Items from a data source:
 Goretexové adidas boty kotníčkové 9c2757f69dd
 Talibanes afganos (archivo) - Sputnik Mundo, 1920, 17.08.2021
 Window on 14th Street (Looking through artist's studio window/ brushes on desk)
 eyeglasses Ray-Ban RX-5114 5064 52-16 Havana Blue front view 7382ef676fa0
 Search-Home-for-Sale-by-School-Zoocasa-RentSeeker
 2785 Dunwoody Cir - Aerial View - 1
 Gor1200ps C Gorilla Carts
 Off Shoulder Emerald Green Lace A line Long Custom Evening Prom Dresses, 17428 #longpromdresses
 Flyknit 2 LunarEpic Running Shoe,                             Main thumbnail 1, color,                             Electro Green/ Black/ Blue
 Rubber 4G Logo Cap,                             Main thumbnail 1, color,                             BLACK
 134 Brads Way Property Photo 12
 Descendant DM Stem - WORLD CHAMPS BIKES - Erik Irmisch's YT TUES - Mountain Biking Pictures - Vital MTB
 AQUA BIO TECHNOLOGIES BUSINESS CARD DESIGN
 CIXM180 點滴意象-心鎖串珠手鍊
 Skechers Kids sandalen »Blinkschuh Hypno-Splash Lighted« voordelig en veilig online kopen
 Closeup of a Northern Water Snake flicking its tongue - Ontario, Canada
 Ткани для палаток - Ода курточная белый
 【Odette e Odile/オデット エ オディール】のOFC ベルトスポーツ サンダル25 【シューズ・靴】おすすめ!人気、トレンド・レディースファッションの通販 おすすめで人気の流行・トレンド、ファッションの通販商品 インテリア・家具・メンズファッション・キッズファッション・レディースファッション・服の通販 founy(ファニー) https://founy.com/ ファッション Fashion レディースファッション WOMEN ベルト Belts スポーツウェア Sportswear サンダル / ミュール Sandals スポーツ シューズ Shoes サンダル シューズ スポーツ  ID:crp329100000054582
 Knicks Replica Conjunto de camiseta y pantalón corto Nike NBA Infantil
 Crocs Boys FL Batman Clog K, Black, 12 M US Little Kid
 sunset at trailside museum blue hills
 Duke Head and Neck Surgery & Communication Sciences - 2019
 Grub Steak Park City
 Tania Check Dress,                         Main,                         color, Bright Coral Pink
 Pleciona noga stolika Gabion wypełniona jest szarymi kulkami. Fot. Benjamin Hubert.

Problem:
Your answer must consist solely of the lines above between the line holding "Ткани для палаток - Ода курточная белый" and the line holding "Crocs Boys FL", inclusive, copied exactly.

Completed task:
 Ткани для палаток - Ода курточная белый
 【Odette e Odile/オデット エ オディール】のOFC ベルトスポーツ サンダル25 【シューズ・靴】おすすめ!人気、トレンド・レディースファッションの通販 おすすめで人気の流行・トレンド、ファッションの通販商品 インテリア・家具・メンズファッション・キッズファッション・レディースファッション・服の通販 founy(ファニー) https://founy.com/ ファッション Fashion レディースファッション WOMEN ベルト Belts スポーツウェア Sportswear サンダル / ミュール Sandals スポーツ シューズ Shoes サンダル シューズ スポーツ  ID:crp329100000054582
 Knicks Replica Conjunto de camiseta y pantalón corto Nike NBA Infantil
 Crocs Boys FL Batman Clog K, Black, 12 M US Little Kid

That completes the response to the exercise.